West of England tumblers don't tumble. Well the show ones don't. But that's the name of the breed. Rollers are supposed to roll but sometimes bad birds pop up and they don't. Same thing as in homers. Except ours don't come home, so we don't get much chance to sell homers that don't home.


----------



## beefy (Jun 23, 2009)

thats what happens when you breed out of culls in performing stock. just my thought


----------



## 2y4life (Apr 5, 2010)

Not true Beefy. No one breeds rollers that will give you 100% rolling birds. Every now and then, you get a stiff bird that doesn't roll at all and you also get the other spectrum; a rolldown. Great pairs of rollers may still throw a rolldown or a stiff. 

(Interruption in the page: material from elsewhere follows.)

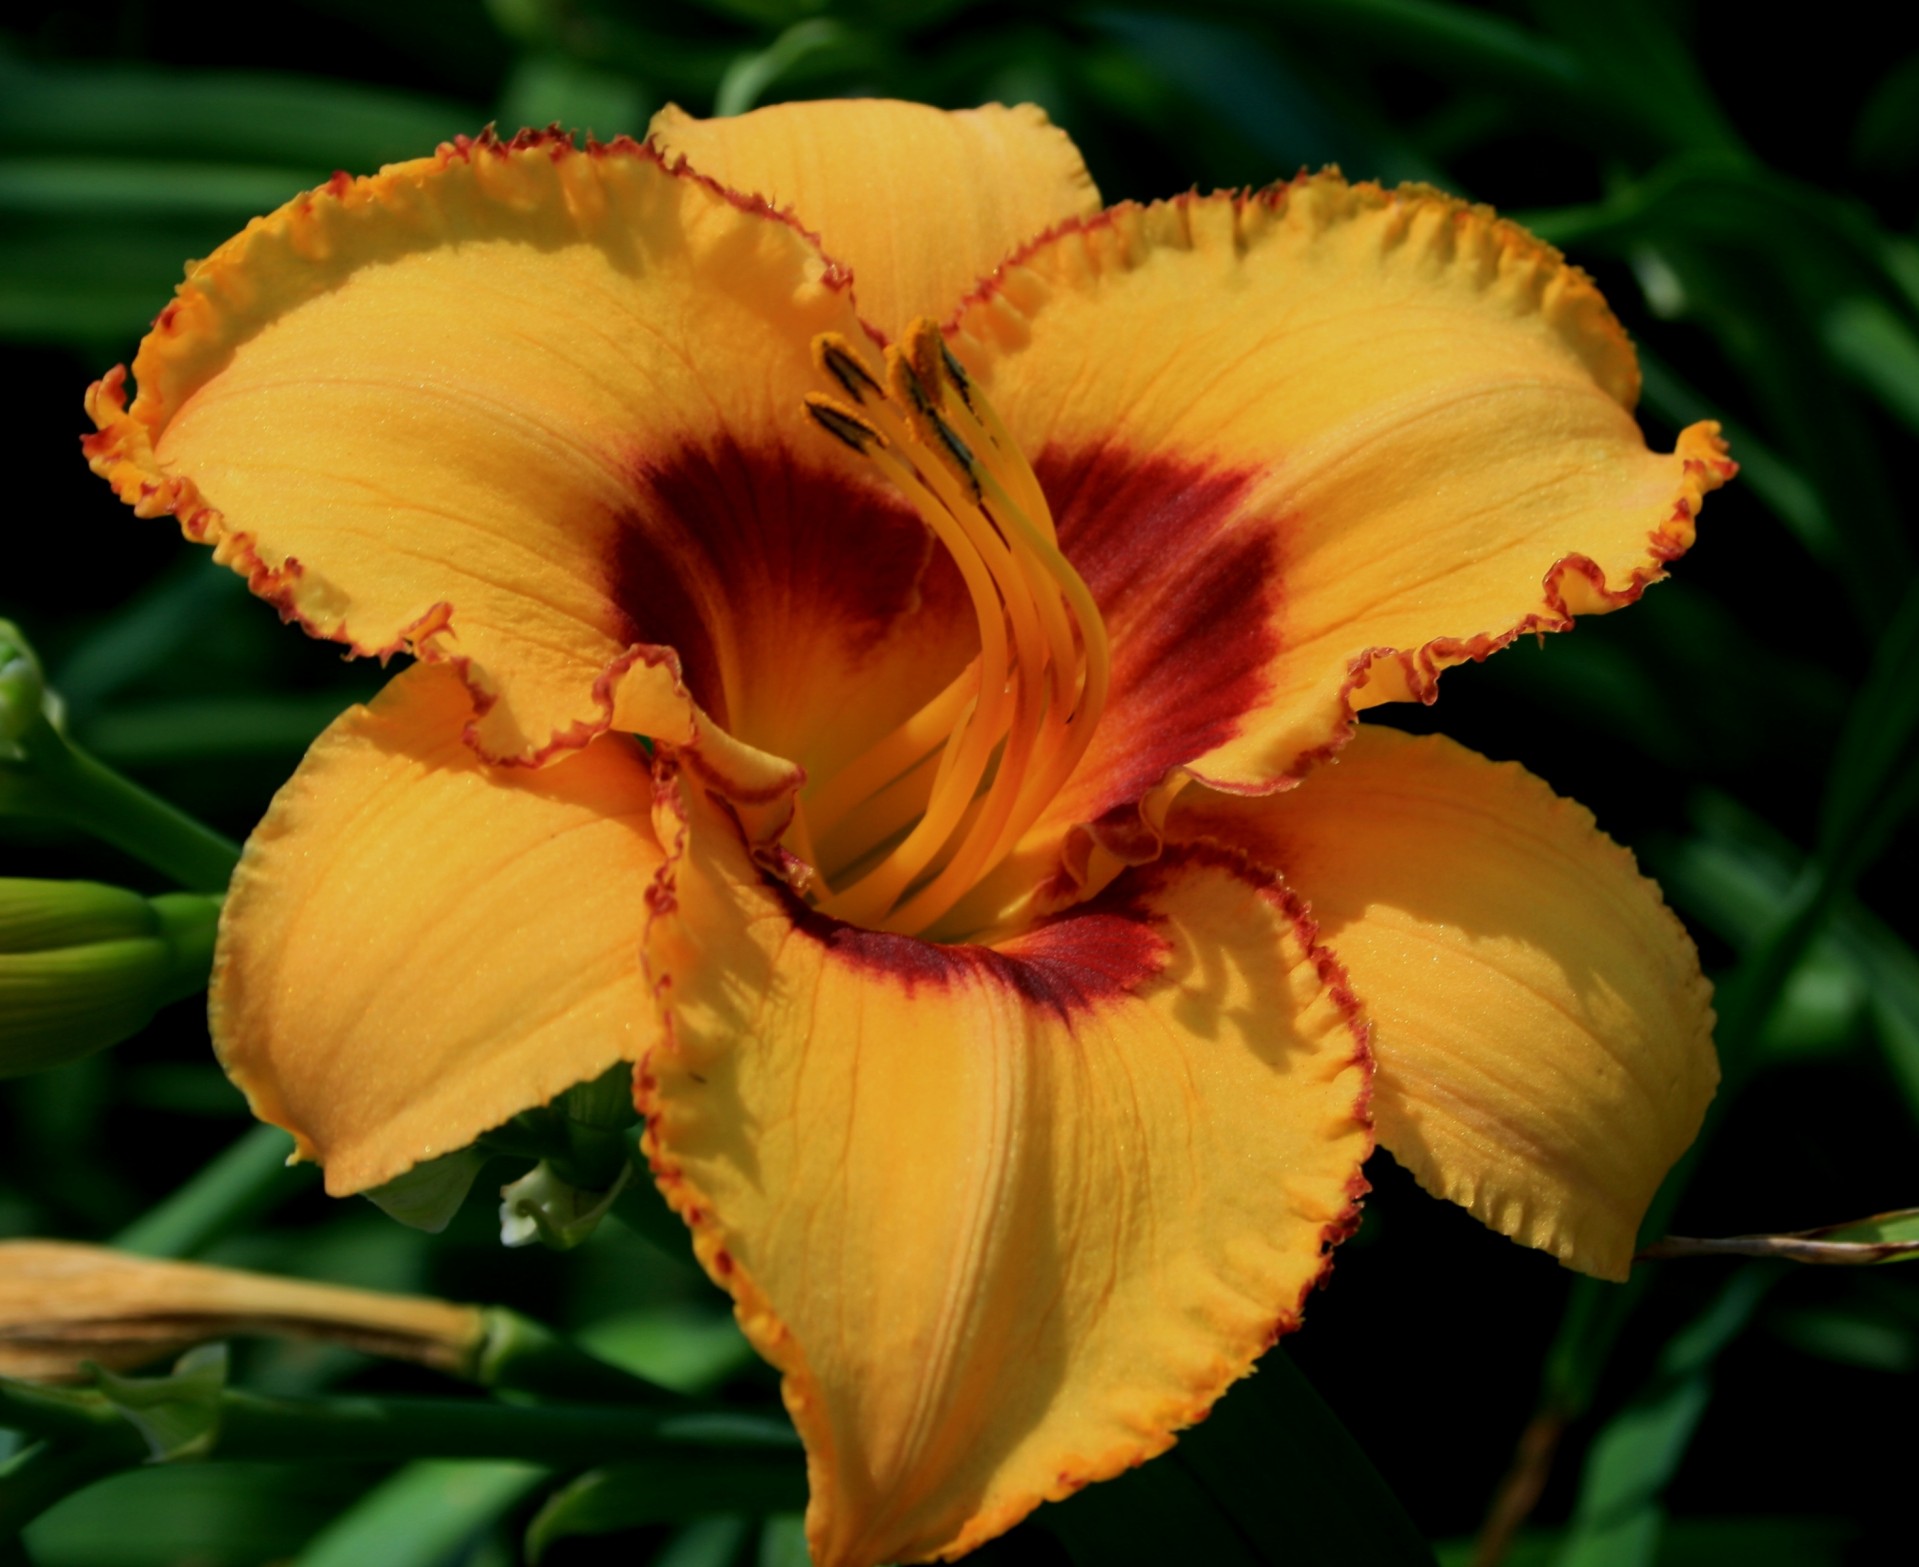 Yellow Day Lily

Of course breeding culls will obviously give you a higher percentage of bad birds.


----------



## beefy (Jun 23, 2009)

i agree but those types of birds should be culled and if yr gonna sale someone rollers they probally ought to roll lol. i didnt mean that a pair was gonna produce all rollers but the breeders should have met a standard to make it in the breeder loft


----------



## switchbackmat69 (Mar 31, 2012)

beefy said:


> i agree but those types of birds should be culled and if yr gonna sale someone rollers they probally ought to roll lol. i didnt mean that a pair was gonna produce all rollers but the breeders should have met a standard to make it in the breeder loft


what if I could care less abut selling them and don't care about a standard, what buisness is that of yours?


----------



## tjc1 (Aug 22, 2012)

I dont think the comments were meant as being insulting. But if you want good rollers they should be good roller. I got crested rollers not for their rolling abilities but for their beauty. I wanted good looking birds not great performers.


----------



## switchbackmat69 (Mar 31, 2012)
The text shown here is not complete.